This week, we’re talking about IAM Policy Troubleshooter.

What’s something cool you’re working on?

Brian is working on the Weekly Cloud Talks by DevRel we mentioned in the cool things this week and continuing his Terraform studies.

Check out the Immutable Infrastructure video we talked about last week.

Sound Effect Attribution

[MUSIC PLAYING] MARK: Hi, and welcome to episode 230 of the weekly Google Cloud platform podcast. I'm Mark, and I'm here with my colleague Brian. Hey, Brian. How are you doing?

BRIAN: OK. Hello, everybody.

MARK: OK.

[LAUGHTER]

OK. I mean, look, sometimes that's the best we can do. But I love how enthusiastically you are OK.

BRIAN: I embody enthusiastic OK-ness.

[LAUGHTER]

MARK: I hope someday to get there. We are obviously all in a very strange time. But it really is the most exciting time of my week when I get to chat with my colleagues and put together this podcast.

[SENTIMENTAL MUSIC]

It means a lot to me. So super, super happy to be able to work with you all. And, of course, super happy to have the listeners here joining us. A little bit of a sappy intro, but that's all right. I'm OK with being a little sappy.

So, Brian, can you tell us who we're going to be talking to today?

BRIAN: Yeah. We had a great conversation with Stewart and John from the Traffic Director team. And they're going to go into a lot of detail about what that is and a whole bunch of words in the Traffic space around Kubernetes and containers. So get ready for a deep dive. It's fun.

MARK: It's a lot of fun. And it's-- as you purposefully said, words-- we do a lot of defining in this conversation, because I think there's a lot of different areas to this space of what, ultimately, is a big microservices architecture. And it was such a great conversation to really break down what those concepts are, what they mean, obviously what Traffic Director is, but how they all fit together.

BRIAN: Yeah.

MARK: It's a super exciting conversation. And I'm super excited to get to that. But before we get into that, why don't we go ahead and jump into our cool things of the week?

BRIAN: Silent intro music.

MARK: Well, if it was silent intro music, it would just be silent.

BRIAN: So that was, this space is intentionally left blank for audio.

MARK: This space is left for you to reflect on what you think is important.

[DING]

[MUSIC PLAYING]

All right, Brian, what's your cool thing of this week?

BRIAN: I have to highlight something I was involved in, so apologies.
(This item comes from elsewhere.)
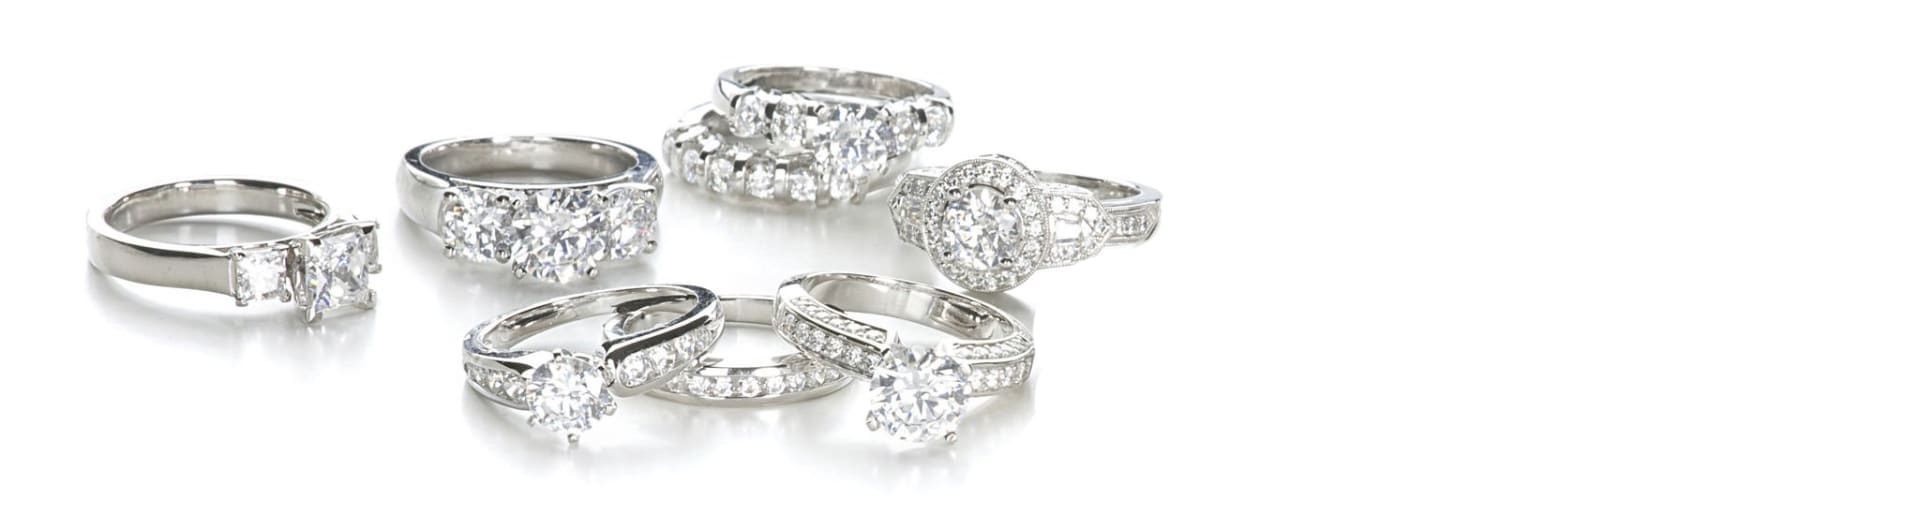 How Can I Afford an Engagement Ring?

But I think it's really cool. And there's one of these every week for the next month and a half. So basically, there's this series that we're calling "Weekly Cloud Talks by DevRel" that are running in parallel to each week of Next. So Next is online this year. And every week, Tuesday morning, there's a big drop of a bunch of videos that you can watch on demand. And in addition to that, we're doing a live streamed summary and Q&A session each week, and different DevRel folks who are comfortable in that space and then some guests that we manage to find and bring in.

So last week-- and we'll put some links in the thread here-- I participated in two of these. So one of them was more on APAC friendly time zones with Katie and Yoshi from the developer operations team. And so we basically picked various talks that we were-- thought were particularly important and then discussed those together a little bit and then did a live Q&A session. And then I did another one of those with two of the PMs on our infrastructure pieces. So one person who's Ari Lieberman, who's deeply connected in Compute Engine, and Monica Sharma, who's a PM representing reliability and the SRP space in Google Cloud. So it was a really in-depth, fun conversation. And I encourage you to check those out.

But also, just keep an eye out-- and there'll be a link in the notes-- for signing up for alerts to each of these. And you can watch them either live or on demand later. They've been going up really quickly. So far, the ones I've seen have gone up within minutes of the live session finishing. So that's amazing.

It's a really good opportunity, I think, to get some of the reaction to what's going on, because it's a little bit tricky in an online forum to know-- there's a lot. And to know what really jumped out at people, what they think about it, how can you actually use it-- and I think these are a good space to get some of that. I'm excited about it. So check those out if you have the time.

MARK: Yeah, no, it's awesome. And of course, this is a week 4 of Next, which is security week. Like you said, there's a ton of content out there. But I really like the "Talks by DevRel," because like you said, it gives you a different perspective on it. It gives you some live time reactions. And then there's that live Q&A. And I think for all of the sessions there's also an ability to do some sort of a pseudo live Q&A where you can put questions into a voting system and then people will come and answer those questions. So tons of content, tons of ways to interact. And, of course, it's really exciting to have Next shifted to this more online format. It's really cool. And we're going to see how well it works.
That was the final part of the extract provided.